Ok. What do I do now. Maybe I should study bucket_sort() and try to make it
faster (Yeah, Sure!).
Surprisingly, it worked. Of course, if Rob had really wanted to he could
easily
have optimized his code.
Both routines will sort (relatively small) integers. If any sort elements
are < 1 then the speed increase factor is about 1.2 but for elements > 0
then the factor jumps to a whopping 1.8
--Cut here-------------------------------------------------------------
--Time for Rob was 152.976705
--Time for mike was 126.980664
--Speed fraction is : 1.204724 (elements less than 1 were used for this
test)
include machine.e
tick_rate(1000)
--Function callously copied from allsorts.ex
function bucket_sort(sequence s, integer min_value, integer max_value)
-- Sort s into ascending order. No elements are compared.

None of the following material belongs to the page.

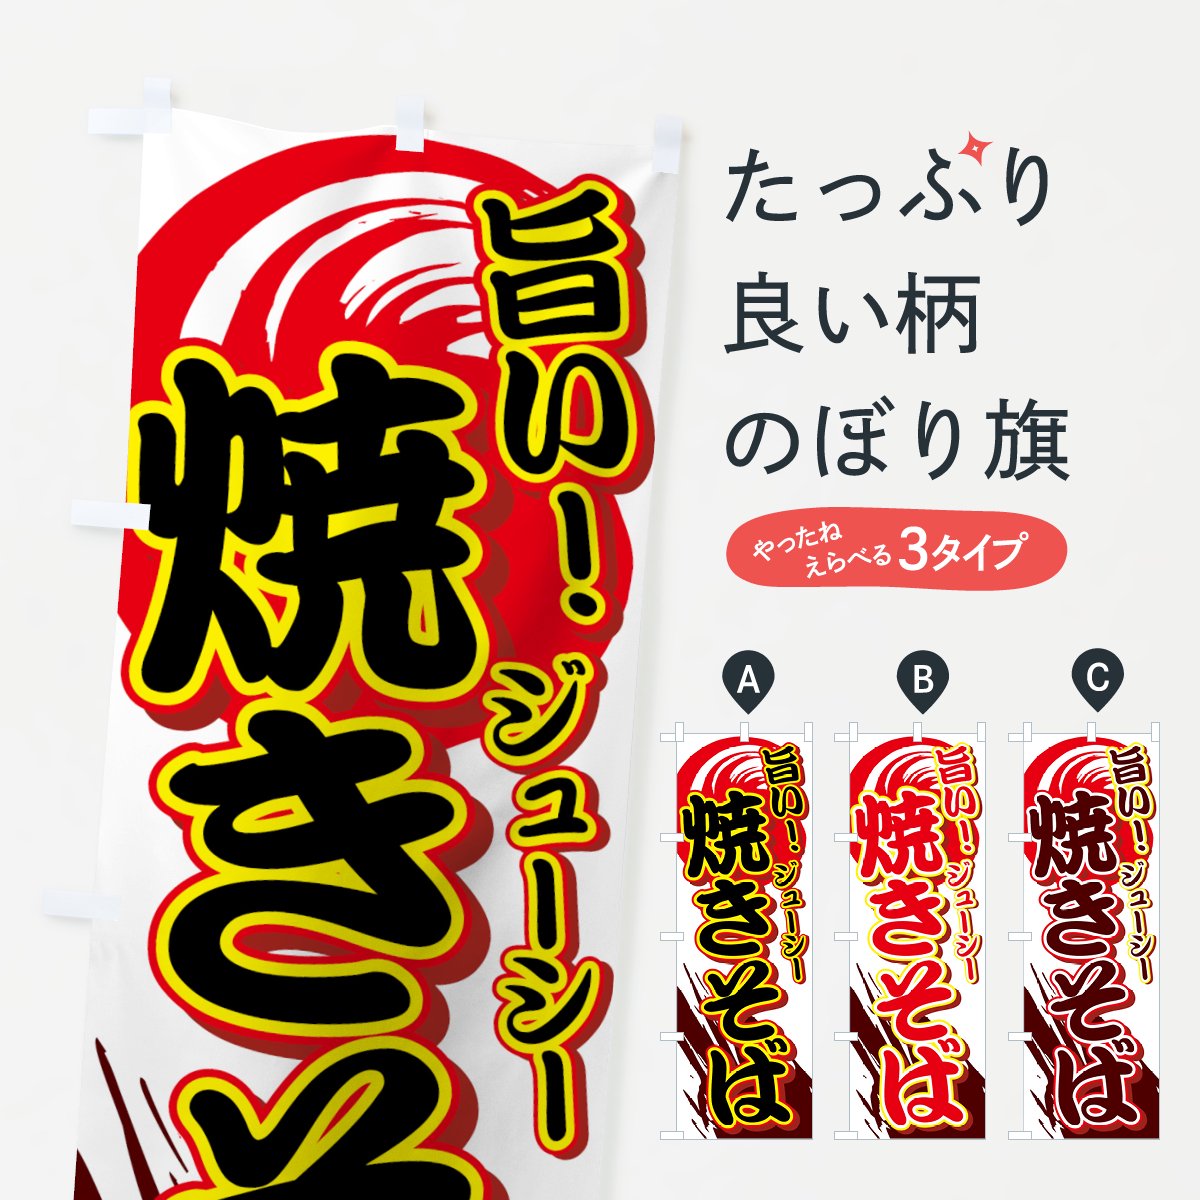 のぼり旗 3枚セット 塩焼きそば (黄) EN-483 - 店舗用品

-- The values of s must be integers from min_value to max_value.
sequence count, sorted
integer value, k, offset
count = repeat(0, max_value-min_value+1)
offset = min_value - 1
-- count the number of occurrences of each integer value:
for i = 1 to length(s) do
value = s[i] - offset
count[value] = count[value]+1
end for
sorted = repeat(0, length(s))
k = 1
-- make the resulting sorted sequence
for i = 1 to length(count) do
for j = 0 to count[i]-1 do
sorted[k] = i + offset
k = k + 1
end for
end for
return sorted
end function
--My own routine loosely based on above
function basic_sort3(sequence s,integer min,integer max)
integer c,k,disp,m
sequence list,result
if min<1 then
disp=min-1 s=s-disp m=1
else
disp=0 m=min
end if
result=repeat(0,length(s))
list=repeat(0,max - disp)
for i= 1 to length(s) do
c=s[i]
list[c]=list[c]+1
end for
k=1
for i = m to length(list) do
if list[i] then
c=list[i]
result[k..k+c-1] = i
k=k + c
end if
end for
if min<1 then return result + disp end if
return result
end function
-- setup test sequences & timing variables
atom t1,t2,f
f=1000
sequence q,r
q=repeat(0,100000) + rand(100)
r=repeat(0,length(q)) for i = 1 to length(r) do r[i]=q[i] end for
t1=time()
q=bucket_sort(q,1,100)
t1=time()-t1
t2=time()
r=basic_sort3(q,1,100)
t2=time()-t2
printf(1,"Time for Rob was %f \nTime for mike was %f\n\nSpeed fraction is :
%f",{t1*f, t2*f, t1/t2})
2. Re: fast integer sort
Mike wrote:
> Ok. What do I do now. Maybe I should study bucket_sort() and
> try to make it faster (Yeah, Sure!).
> Surprisingly, it worked. Of course, if Rob had really wanted to he
> could easily have optimized his code.
I think you over-optimized your routine - it doesn't sort anymore.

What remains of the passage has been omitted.